The main fault zone of the Yangsan Fault, located in the southeastern part of the Korean peninsula, is newly found at the Cheonjin-ri, Dudong-myeon, Ulju-gun, Ulsan, Korea. About 100 wide fault zone exposed along the Guryangcheon stream strikes N-S and dips over 70° toward east. The main fault zone is composed of N-S-striking gouge and breccia layers and enclosed lenses. Striations on the subvertical fault surfaces mainly indicate dextral slip, but moderate-angle minor reverse faults showing top-tothe-west shearing transect the foliated high-angle gouge and breccia layers. These indicate that the dextral slip along the fault, which is interpreted as the main movement of the fault, was followed by reverse slip. The fault zone is composed of N-S-striking gouge layers and enclosed, fractured lenses. Locally distributed NE-SW- to E-W-striking fault gouge layers with fractured lenses show asymmetric folds, indicating progressive dextral movement.
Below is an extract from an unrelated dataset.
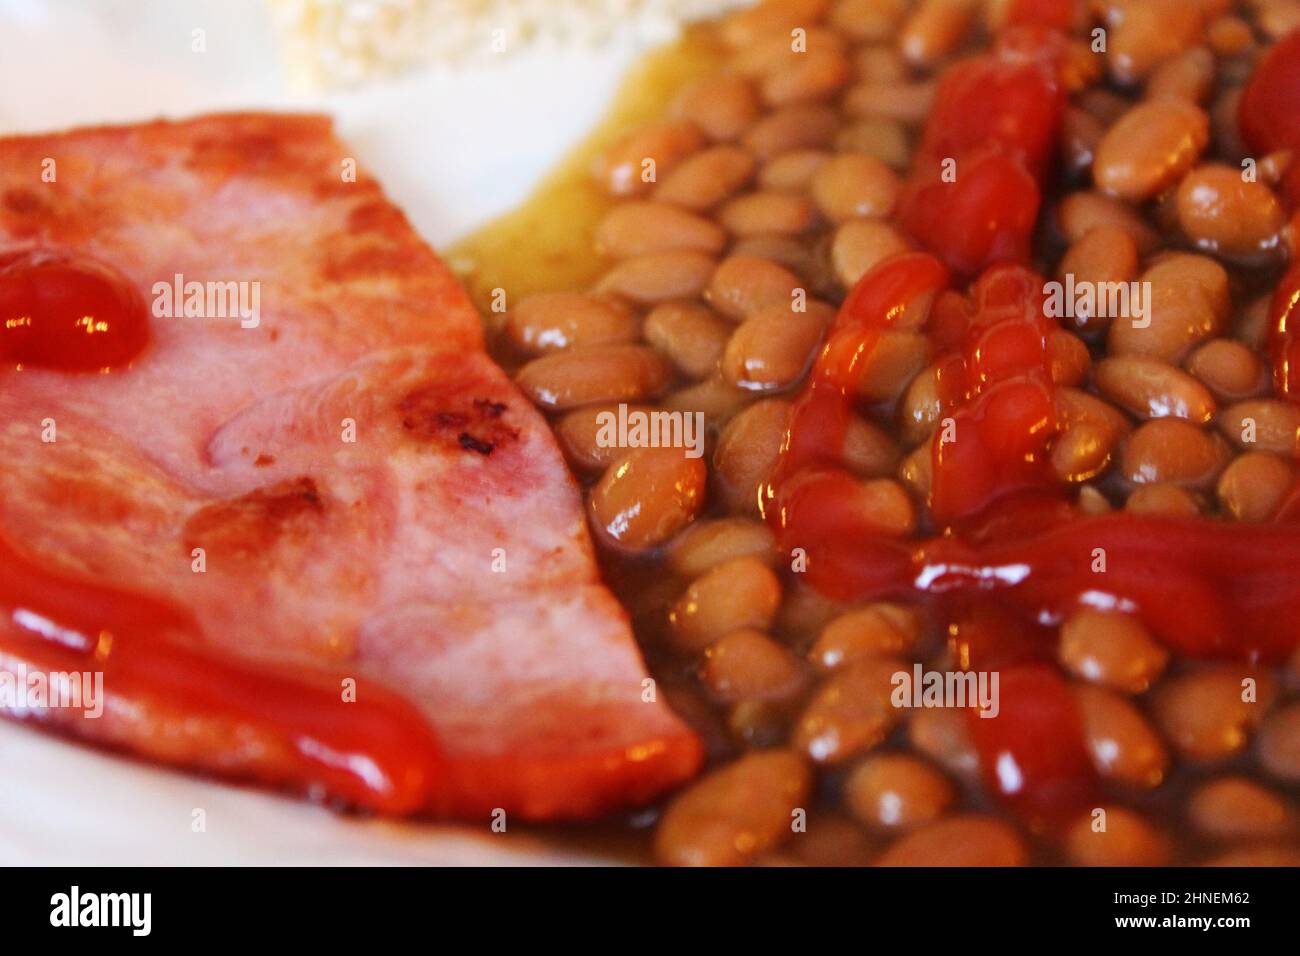 Close-up of a plate of baked beans, with fried ham, a slice of bread, and ketchup. Stock Photo

Therefore, the exposed fault zone has a high internal complexity due to the combined effects of NNE-SSW-trending dextral shearing and E-W-trending shortening by compression. In addition, around main boundary fault between the western volcanic rocks and eastern sedimentary rocks offsets the overlying Quaternary fluvial conglomerate. This is a good example that understanding of internal structures of main fault zone (or fault core), such as the Yangsan Fault, plays an important role to study the Quaternary activity and to find the active fault.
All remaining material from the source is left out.